Barın kızımız ile yukarıya çıkınca bende televizyonu kapatıp ayaklandım. O gelmeden önce hazırlanıp uykuya kendimi teslim edecek iken arkamdan sarılan güçlü kollar ile ona iyice sokuldum.

“İyi geceler karıcım” dedi.

Uyku halimle “iyi geceler kocacım “dedi.

En son hatırladığım saçlarıma konan öpücüktü, sonrası ise uykunun içine çekilmemdi.

……………………

Gözlerimi yeni güne açtığımda Barın’ ın beni izlediğini gördüm.

“Günaydın “dedim yarı açık gözlerim ile.

“Günüm şimdi aydı güzelim, birde kızımı görünce tabi “dedi göz kırparak tam o sırada ise kapıdan içeriye prensesim girmişti.

“Günaydın anniş, günaydın babiş “dedi neşe ile.

“Günaydın prensesim “dedim kollarımı açarak.

“Günaydın babasının canı “dedi Barın da.

“Nalan babanniş ilem kahvaltı hazıyladım. Şimdi de sizi çağıymaya geldim” dedi yanaklarımızı öpüp “ ben halama gidiyoyum “diyerek koştu.

“Hadi annemi bekletmeyelim “dedim ve dün gece duş aldığımdan hızla elimi yüzümü yıkayıp diğer işlerimi de halledince hazırdım.

“Hayatım ben iniyorum sende çabuk ol “dedim ve yemek odasına gittim.

Yemek odasına girdiğimde ipek hariç diğerleri buradaydı. Bende yerime geçip oturdum.

“Günaydın annecim, günaydın Ares” dedim.

“Günaydın kızım” dedi kayınvalidem.

“Günaydın yenge, kuzen uyanmadı mı” diye karşılık verdi Ares de.

“Uyandı hazırlanıyordu, iner birazdan “dediğim anda Barın içeriye girdi.
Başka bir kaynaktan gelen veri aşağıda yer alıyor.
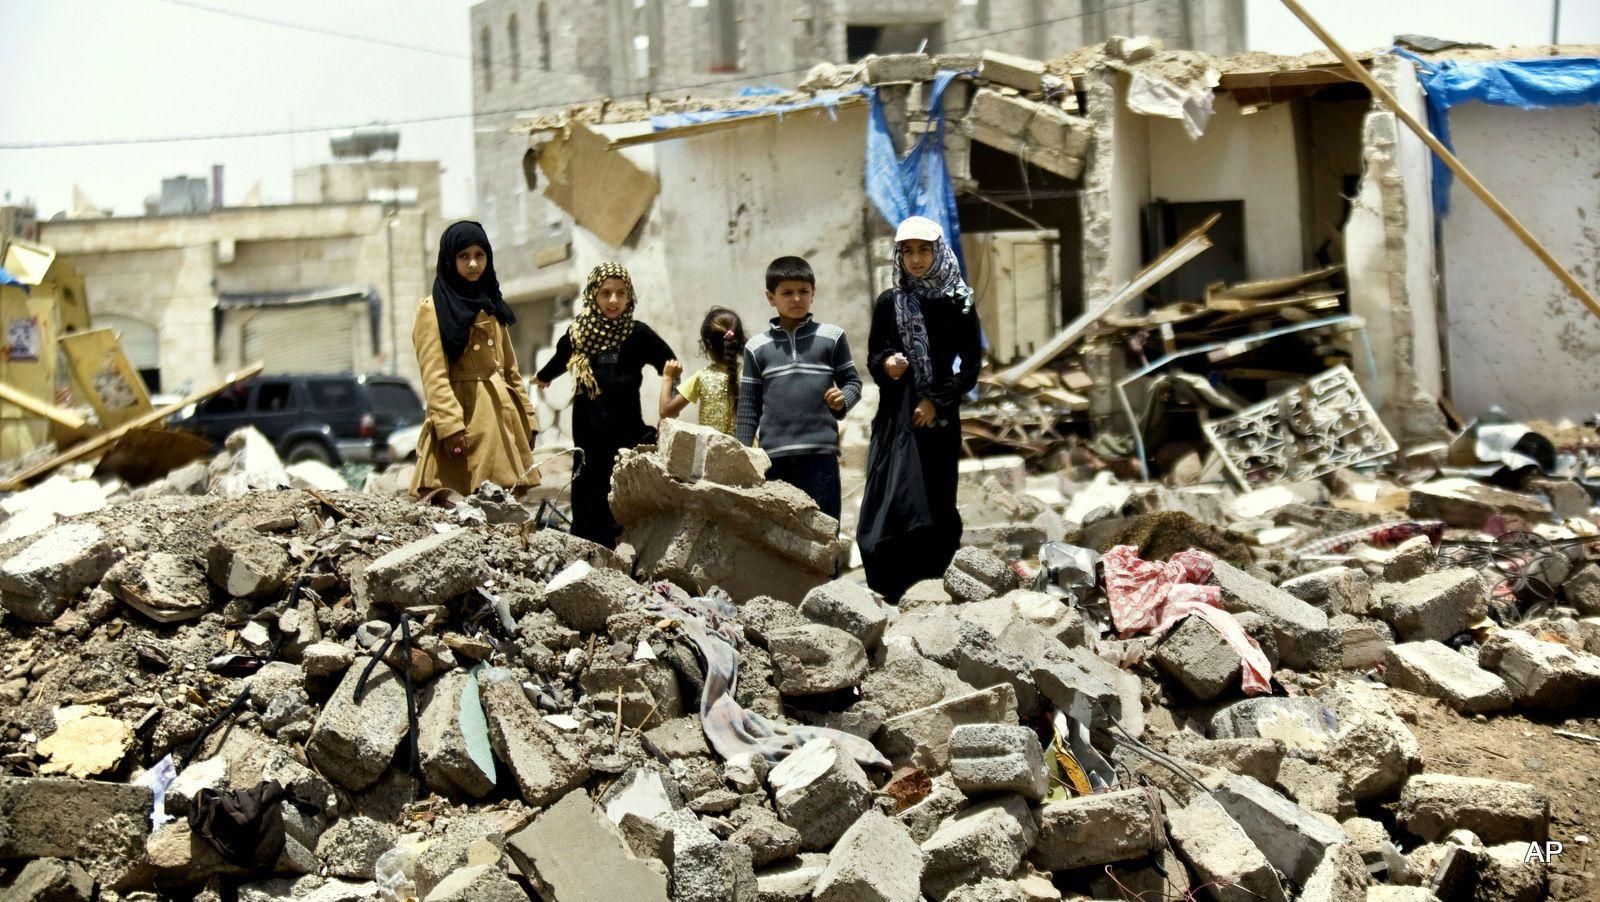 Las intervenciones extranjeras solo agravan los conflictos

“Günaydın canım ailem “dedi.

Diğerleri de ona karşılık verdikten sonra Nalan annenin “afiyet olsun” demesi ile başlamıştık. Kahvaltıdan sonra Barın ve Ares direk evden çıktı bende hem kızımı bırakmak hem de şu öğretmen sorununu ortadan kaldırmak için kreş gidiyordum. Dün aklıma geldikçe sinir krizi geçiriyordum. Kıskançlık ise kıskanmıştım.

“Annecim geldik “dedi kızım.

“Biliyorum kızım hadi bakalım “dedim.

Arabadan indiğimizde korumalar baş selamı verirken kapıdaki Filiz denilen or..pu bizi karşılamıştı.

“Hoşgeldiniz, günaydın küçük hanım “dedi yapmacık şekilde.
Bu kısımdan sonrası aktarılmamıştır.